Between many meetings and over many cups of coffee and fudge brownies, Michael and I shaped our script into something that honoured both poets and married their tumultuous lives to their brilliant work in approximately 75 minutes. This meant addressing the temtpation to include that poem or this poem simply because we thought it was brilliant, and so many excellent poems were left out.

Tentatively, live performances recommenced at the Princess Theatre at the end of of August, 2020; as one of a quartet of performers, I was fortunate enough to turn the ghost light off. In fact, we did it twice – demand for the performance was such that two shows were scheduled, for the afternoon and evening of Friday, August 28. The performance shifted from the Grand Chancellor to the Princess Theatre to be used as something of a canary in the coal mine, to test the theatre’s Covid safety protocols -– staggered arrival times, contact tracing requirements, strictly capped audience numbers (which, it must be said, helped drive demand for the two shows) and patrons asked to follow chequerboard-style seating patterns – maintaining two or three empty seats between them.

At the beginning of each show, the four of us – I was Narrator, Michael Edgar and Alex Wenn playing Older and Younger Ted, and Debbie Parish playing Sylvia –gathered in the shapeless glow of that ghost light. We burned with the energy of being back on stage, on the cusp of sharing some of the most incredible poetry and the moving lives of two extraodinarily gifted but deeply flawed artists.

However briefly, we replaced the pandemic with magnificent poetry, poetry that traced the soaring beauty and the unknowable depths of human experience: of love, of parenthood, of anger, of loss and grief. All across the empty page of possibility and provocation that is a theatre.

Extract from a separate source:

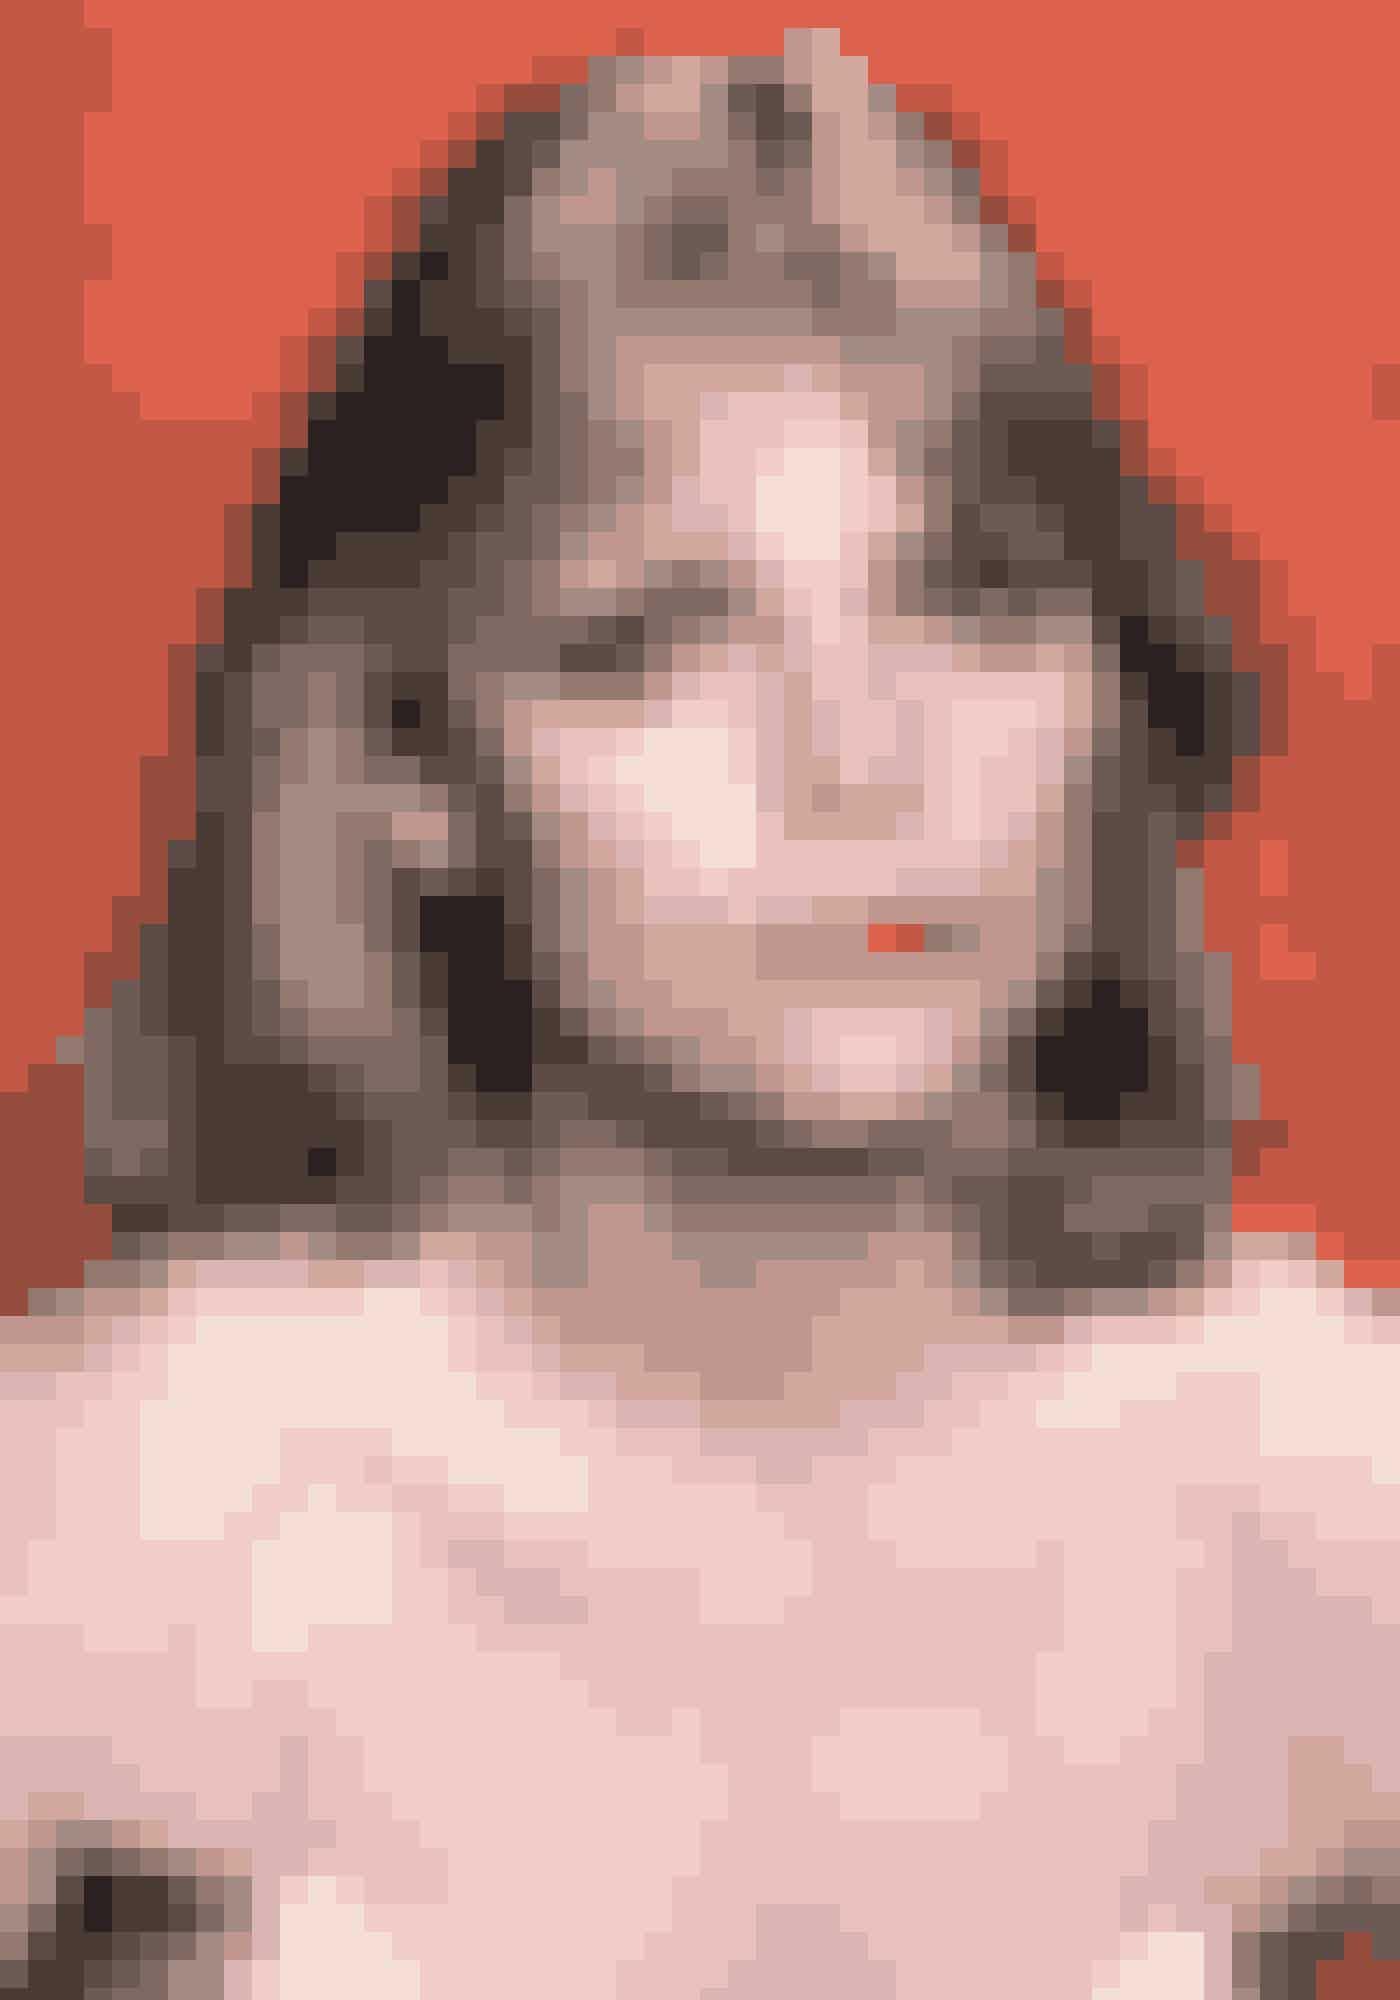 Michelle Pfeiffer brød igennem i begyndelsen af 80'erne, hvor hun medvirkede i bl.a. 'Grease 2' og 'Scarface'.
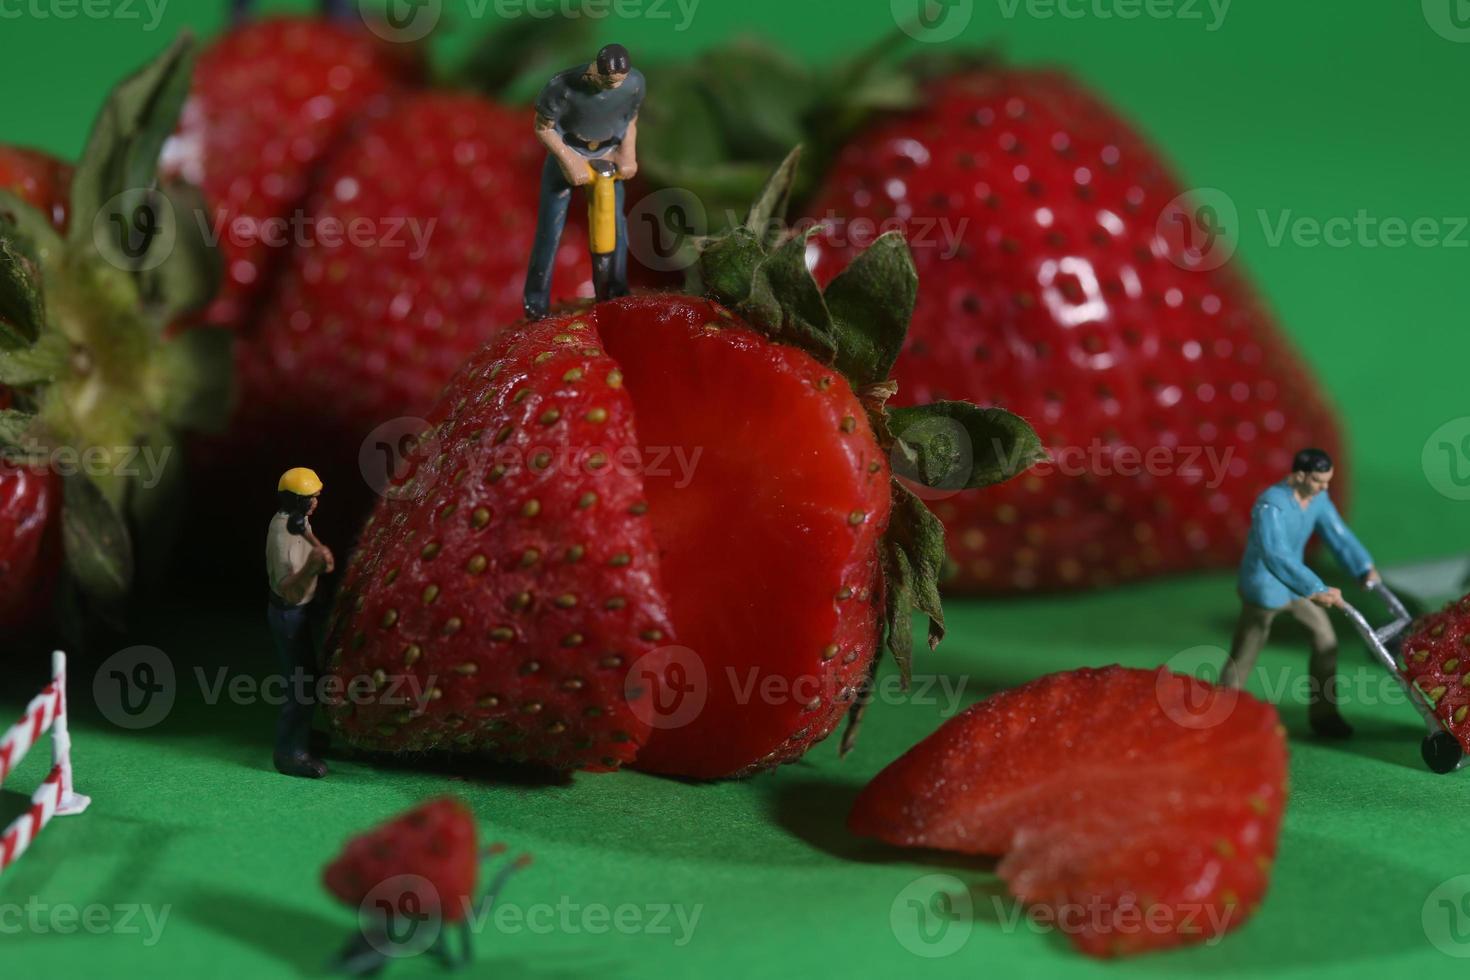 travailleurs de la construction dans l'imagerie alimentaire conceptuelle avec des fraises photo

As one we clicked our fingers. Thanks to some theatre magic, the ghost light flicked off. After such a period of silence, ghosts made way for voices.

* All direct quotes are from the letter to Aurelia Plath, dated, 15 March 1963. In Letters of Ted Hughes, selected and edited by Christopher Reid, Faber and Faber, 2007.


Cameron Hindrum lives, writes and works in Launceston. He was director of the annual Tasmanian Poetry Festival for 17 years, and has published a novel and two collections of poetry, as well as having two plays professionally produced and toured around Tasmania. He is currently working on a major commission for the Launceston Youth Theatre Ensemble, and anxiously awaiting the results of his creative writing doctorate examination.